DATA SHOWN Block Start

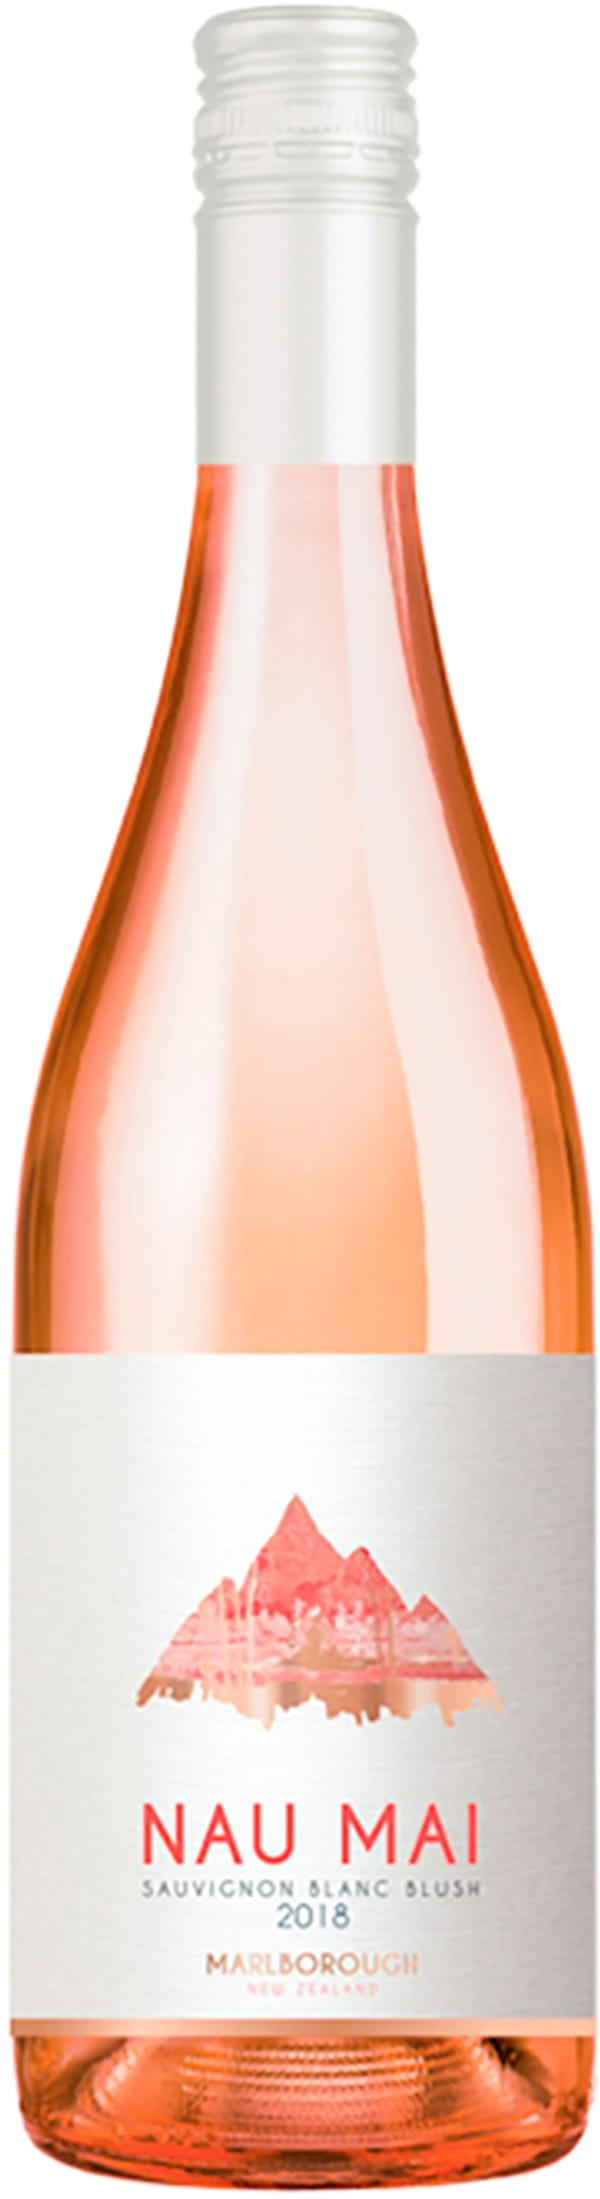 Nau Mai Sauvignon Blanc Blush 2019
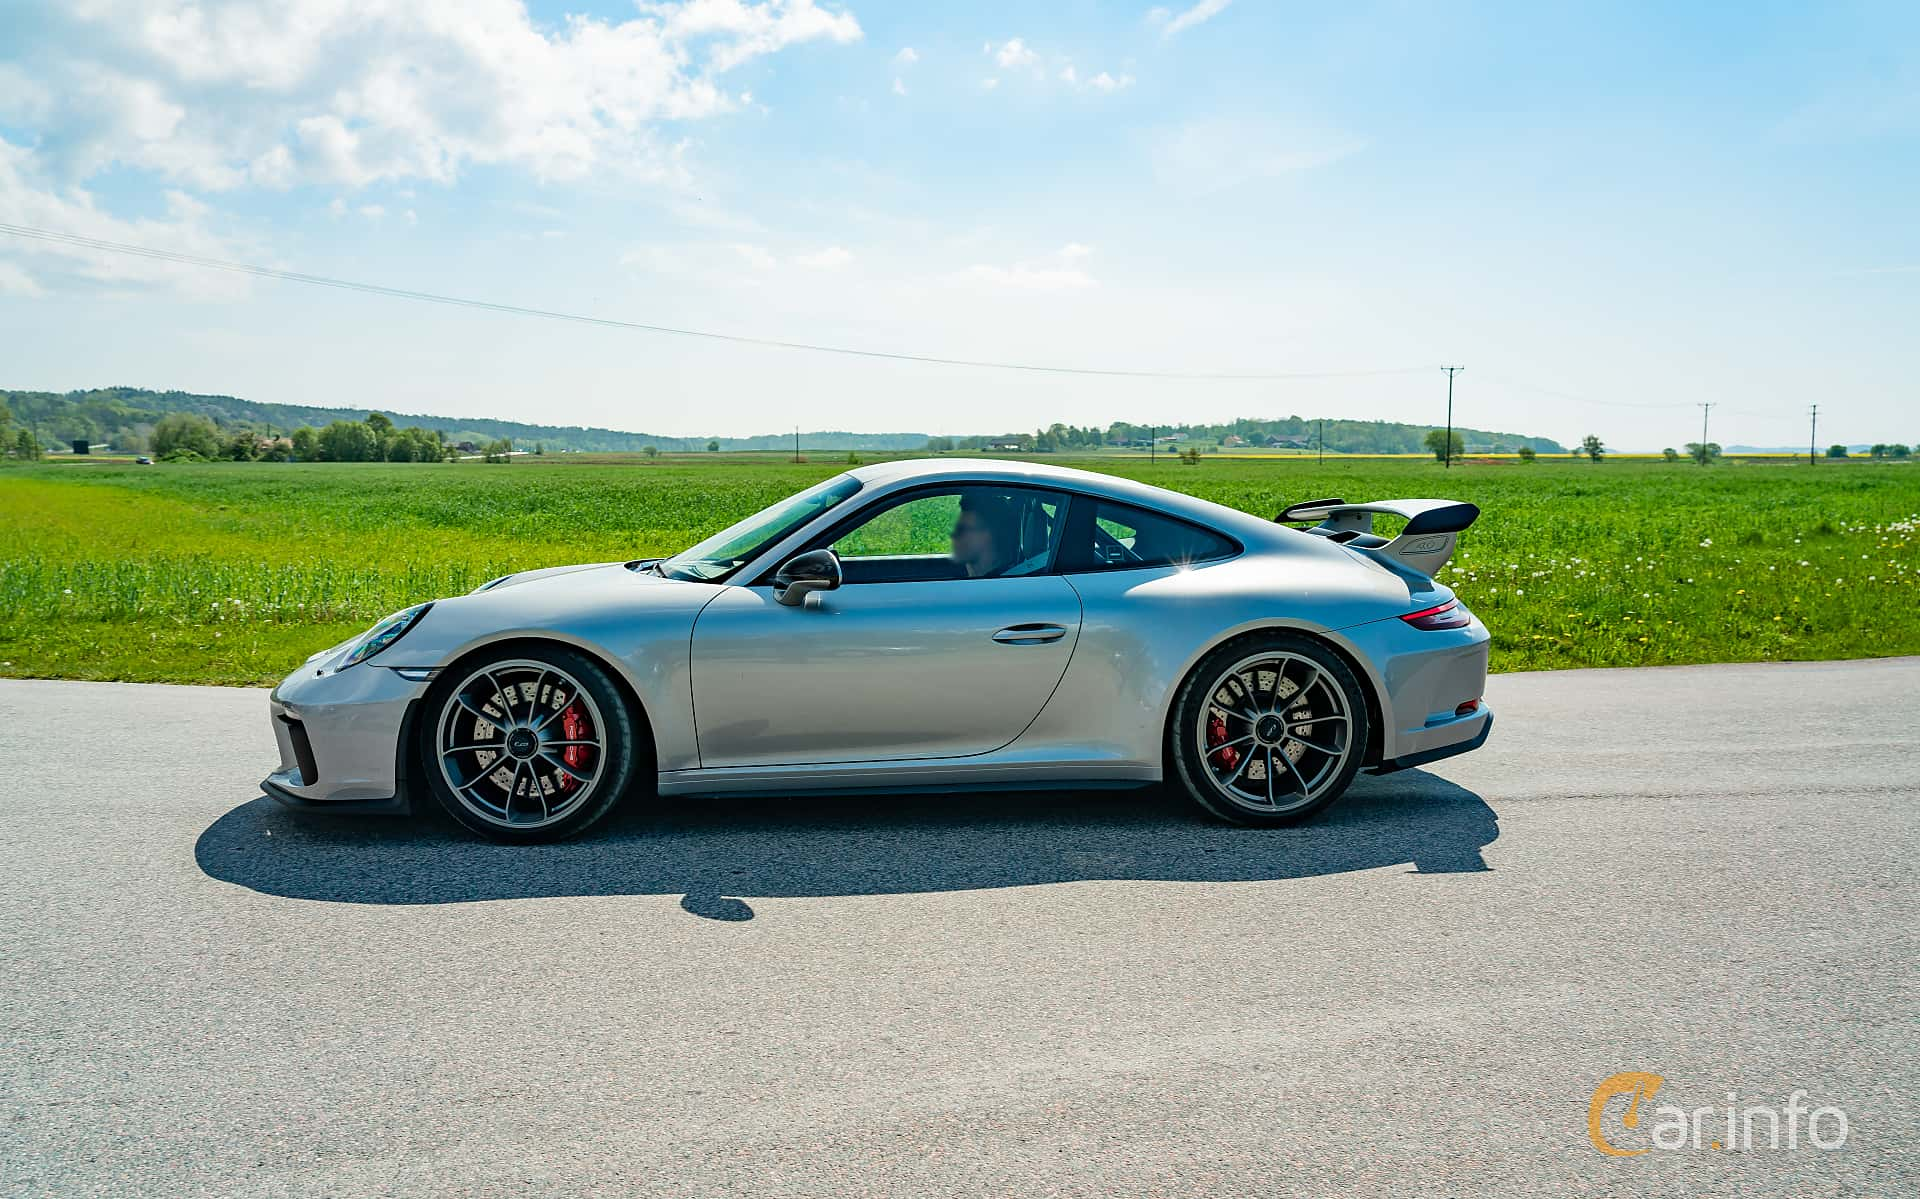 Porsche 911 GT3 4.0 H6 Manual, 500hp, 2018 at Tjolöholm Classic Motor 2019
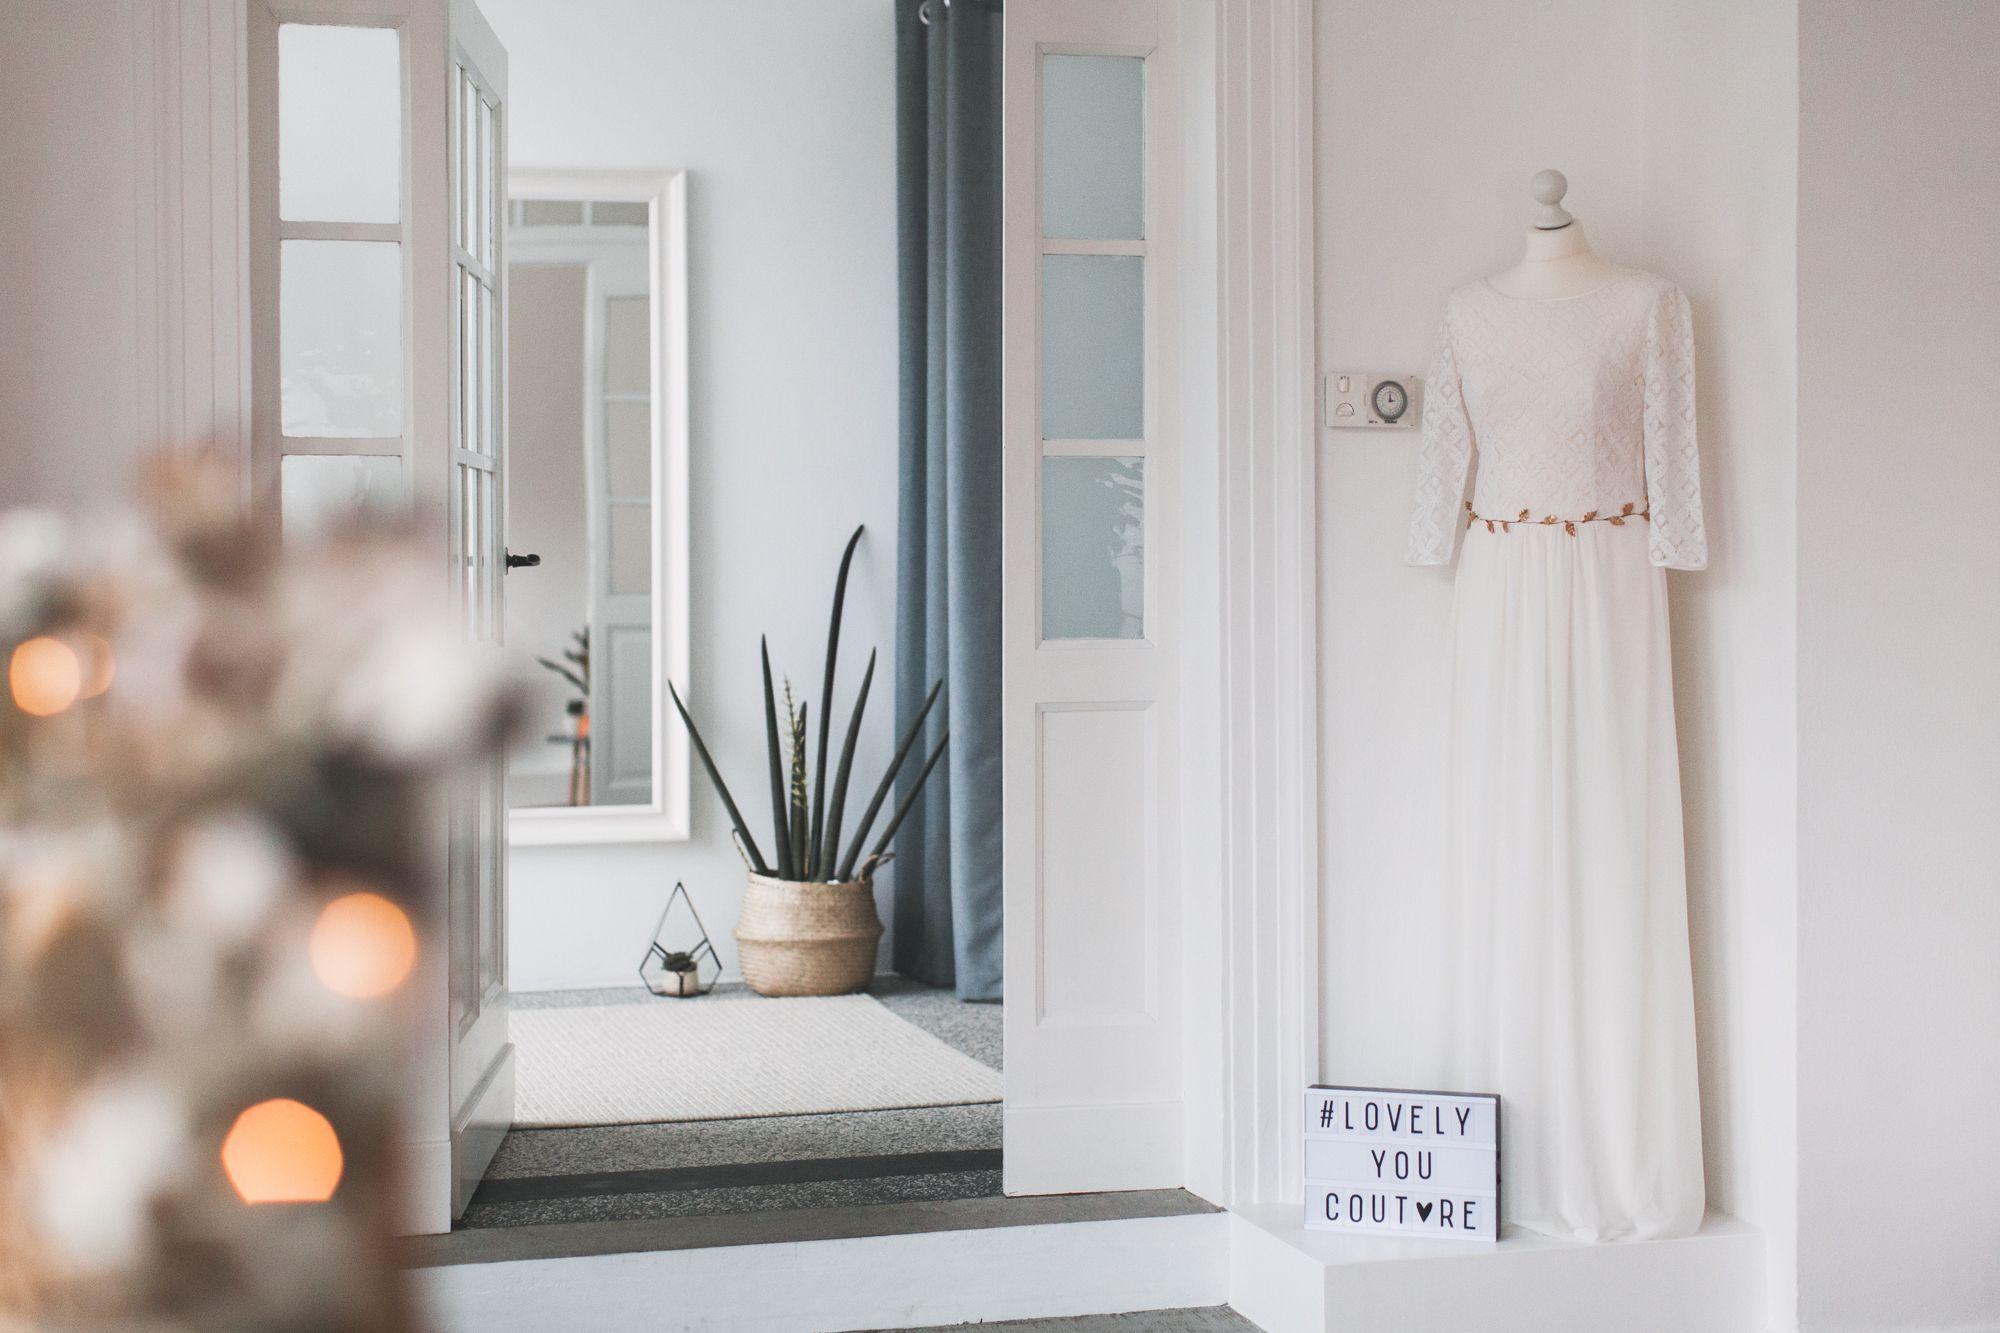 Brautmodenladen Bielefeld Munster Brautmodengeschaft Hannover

DATA SHOWN Block End

**DESCRIPTION OF THE TASK:** Return the full listing exactly as written, without any of its images.

**ANSWER:**
 Nau Mai Sauvignon Blanc Blush 2019
 Porsche 911 GT3 4.0 H6 Manual, 500hp, 2018 at Tjolöholm Classic Motor 2019
 Brautmodenladen Bielefeld Munster Brautmodengeschaft Hannover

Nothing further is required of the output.